Using Multiple AI Agents To Audit Each Other
I wanted to share a workflow I have been using when working with AI-generated physics ideas, especially for people trying to turn observations or conceptual models into something closer to a scientific paper.
A common mistake I see is depending on one AI engine for everything: gathering background, shaping the idea, writing the argument, reviewing the logic, and polishing the final wording. The problem is that the same engine that helps make the draft sound coherent can also hide weak assumptions, overstate confidence, miss technical issues, or smooth over gaps in the reasoning.
My workflow is different.
I try to separate the AI roles:
- One engine for gathering background, terminology, references, and existing literature.
- One or two engines for helping craft the idea into a structured argument.
- One deliberately critical or “non-pleasing” engine for auditing the result.

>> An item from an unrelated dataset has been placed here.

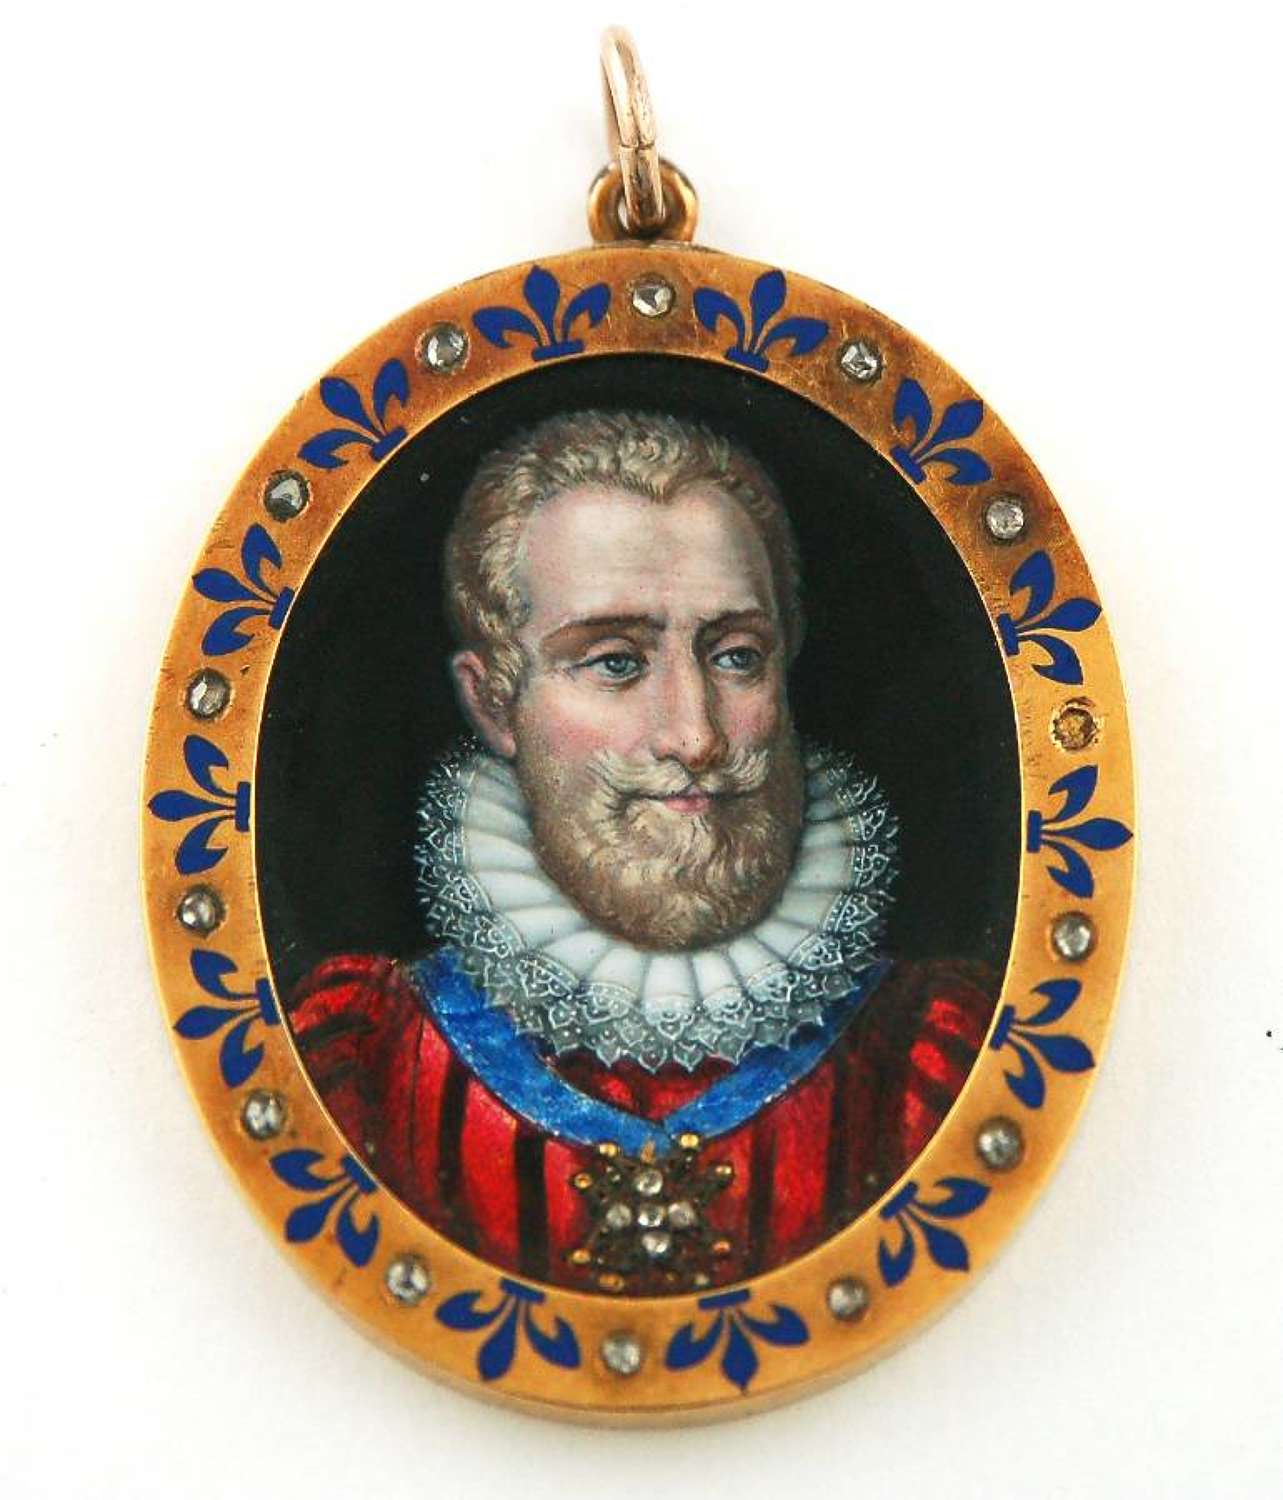 Henri IV of France

- Additional engines for final review, mainly to catch hidden mistakes, unclear wording, or scientific overclaims.
The most useful part is the closed feedback loop. For example, I may use one engine to audit and correct the way another engine drafted my idea. Then I take that feedback back to the drafting engine and ask it to revise. After that, I may consult other engines such as DeepSeek, Gemini, or Grok to look for hidden scientific problems or weak wording.
The point is not that multiple AI engines magically produce truth. They do not. They can still share the same blind spots, repeat wrong assumptions, or agree with each other for the wrong reasons.
The point is that role separation helps.
A drafting engine is good at coherence. An auditing engine is good at pressure-testing. A different model may notice a weakness the first two missed. The human still has to judge the final result.
For AI-generated physics work, I think this distinction is important:
AI should not only be used to write. It should also be used to attack the writing.
Before publishing or sharing any AI-assisted scientific text, I think we should ask:
- Did another model try to falsify the argument?
- Did a critical model check the assumptions?
- Were equations, dimensions, and claims independently reviewed?
- Were references checked rather than only generated?
- Did the final version become more cautious after review?
- Is the use of AI transparent?
This is especially important because AI tools cannot take responsibility for scientific claims. The responsibility remains with the human author or researcher. AI can assist, but it should not replace verification.
My suggested workflow:
Idea → Gathering AI → Drafting AI → Critical Audit AI → Revision → External Model Review → Human Final Check
For this subreddit, I think it would be useful if people sharing AI-generated physics papers or theories also shared a short “AI audit trail,” for example:
- Which model drafted the idea?
- Which model reviewed it?
- What major criticism was found?
- What was changed after the criticism?
- What claims remain uncertain?
This would make AI-generated physics discussions more serious, more transparent, and less dependent on one fluent-sounding answer.
Curious to hear how others here are using multiple models. Are you using AI only as a writer, or also as a reviewer?